Гиппо вначале испугался, но тут же сообразил, что надо говорить.
— Я ищу красную раковину — точь-в-точь такую, как мои штаны. Если я их случайно порву, то смогу поставить заплатку, чтобы не получить взбучку от мамы.
— Красную заплатку! — воскликнул второй скоморох с огромным носом, потому что он в нем без конца ковырялся. — Жаль, что мы затопили красную моторную лодку.

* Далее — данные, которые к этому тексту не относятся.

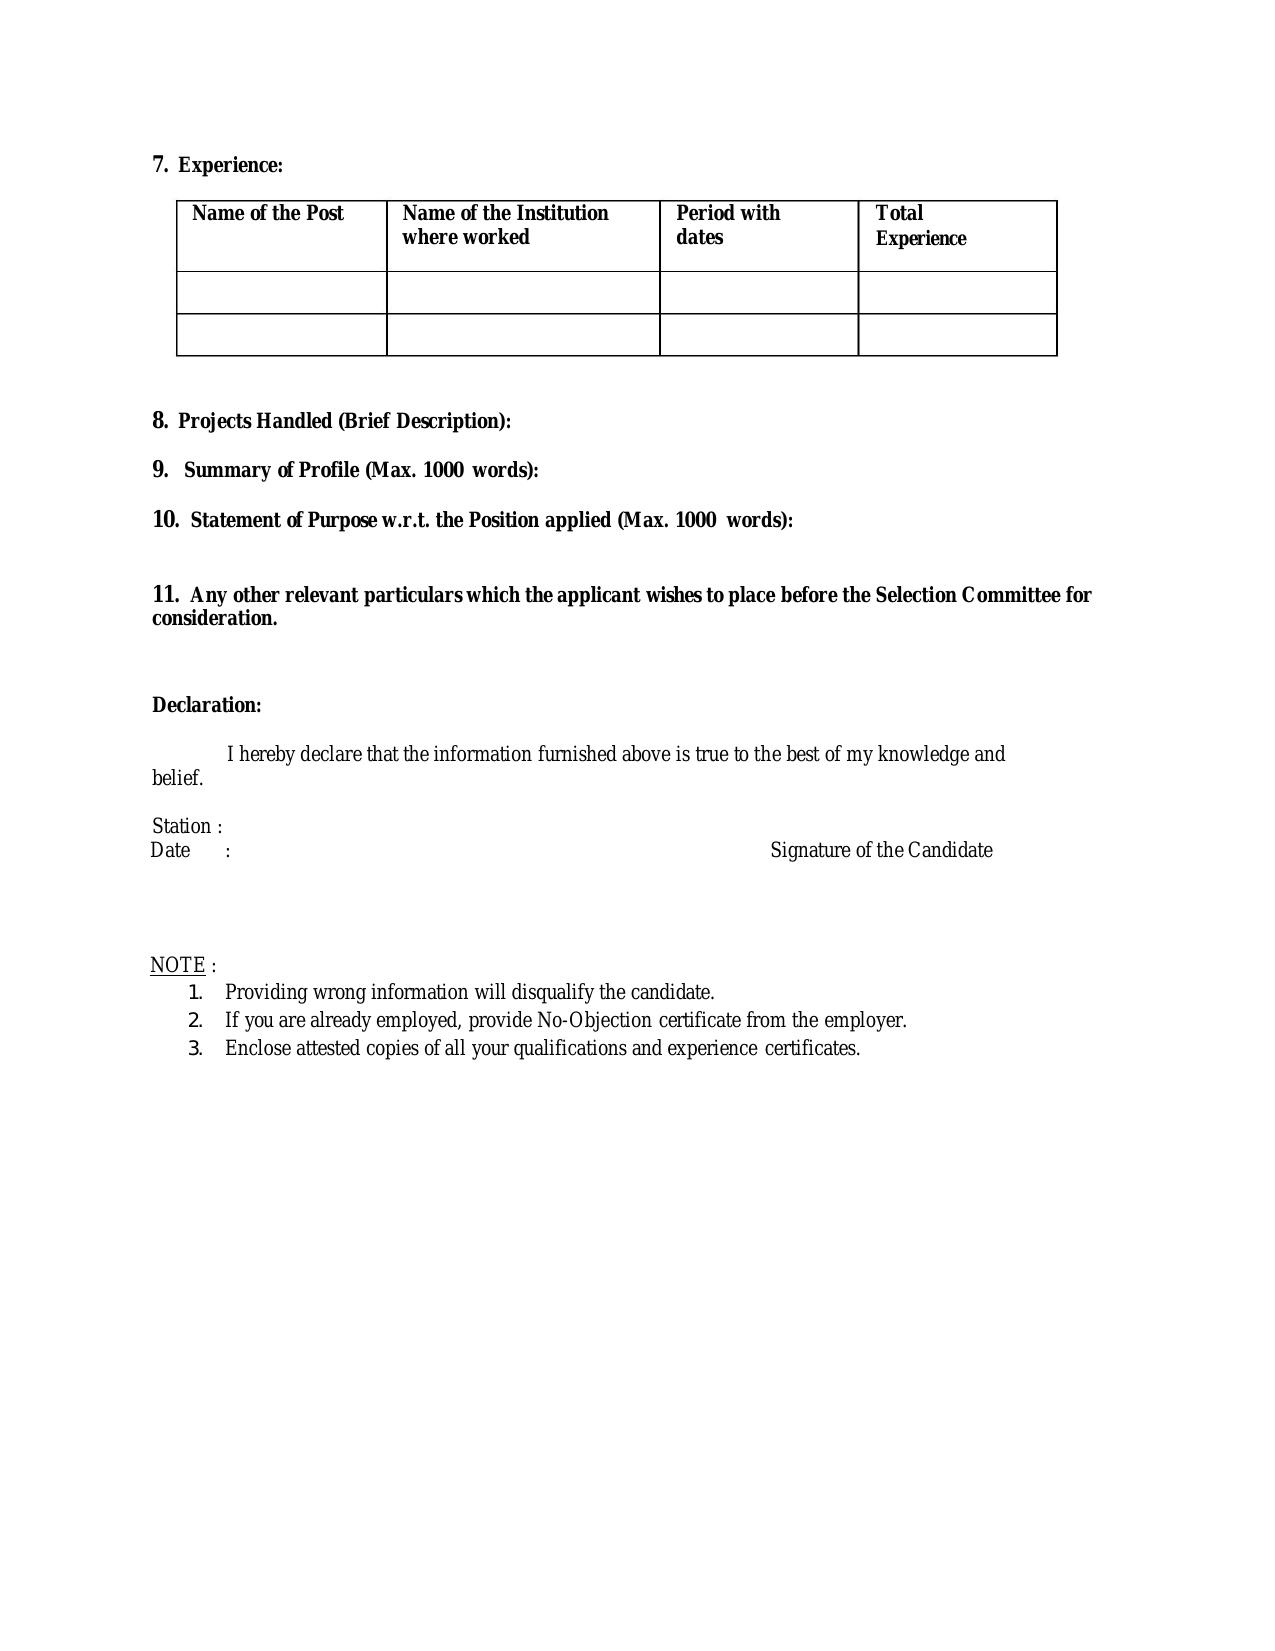 Sri Padmavati Mahila Visvavidyalayam (SPMVV) Invites Application for Technical or Research Assistant Recruitment 2023 - Page 2

Из нее можно было сделать сколько угодно заплат.
— А нельзя ли ее поднять? — поинтересовался Гиппо невинным голосом. — Взамен я мог бы насобирать вам со дна сколько угодно ракушек.
Скоморохи бы и рады, да только где ее теперь искать, эту лодку?
Правителю же они доложили все как есть: Гиппо, мол, плавает вокруг острова и ищет на дне морском красную заплатку на свои штаны. Говорили они бессвязно и вразнобой, так что Шоко-Роко заставил их повторить все несколько раз, пока не понял, в чем дело. Про лодку ни один из скоморохов не проговорился — чтобы правитель не подумал, что они плохо выполнили приказ и не затопили ее так, чтобы никто не мог ее отыскать.
— Ну и глупышка этот Гиппо, — милостиво улыбнулся Шоко-Роко. — Опять он забыл, на каком острове живет. Даже если и порвет он свои красные штаны, он тут же получит новенькие, с иголочки, еще красивее прежних. Бегите, скажите ему об этом, чтобы он ни в коем случае не перетрудился, разыскивая подходящую заплатку.
Скоморохи опять помчались на берег, но Гиппо там уже не было. Они даже солнечные очки нацепили, но и это не помогло обнаружить юного гиппопотама.
— Наверно, он уже нашел заплатку и уплыл восвояси, — предположил Лопоухий.
— Давай скоренько доложим это правителю.
— Он будет доволен, что мы такие расторопные и так быстро выполнили его распоряжение.
— До чего ж ты все-таки умный, Лопоухий! — восхитился Носатый. — Мы можем сказать Шоко-Роко, что Гиппо больше никогда не будет утруждать себя поисками, потому что нашел сразу две заплатки — тогда Шоко-Роко в два раза больше обрадуется и вдвое больше нас похвалит.
И радуясь собственной находчивости, приплясывая и гримасничая, они двинулись во дворец.
Увидев по пути пса-санитара, сидящего на берегу сладкой речки из какао, они издалека закричали ему:
— Слышь-ка, Гав, Гиппо нашел сразу две заплатки и больше ничего не ищет.
Гав сидел на берегу по поручению Тельняшкина — они договорились, что Гиппо пришлет сюда весточку. Теперь собачье сердце бешено забилось: Гав был уверен, что Гиппо дает таким образом знать, что лодка найдена. Даже две! Иначе почему бы речь шла о двух заплатках? Тельняшкин велел Гаву хранить все в тайне, что бы ни случилось. Но пса распирало от радости! И он запел любимую песню Тельняшкина, только со своими словами, потому что настоящие вылетели из головы.
Я… это самое…
Я отличный пес.
Я читаю мысли
по порядку и вразброс.
Отсюда я сбегу,
но об этом ни гу-гу!
Тут он испугался, что нечаянно проболтается и счел за благо умолкнуть. Лопоухий и Носатый подождали второго куплета, но, не дождавшись, поскакали дальше.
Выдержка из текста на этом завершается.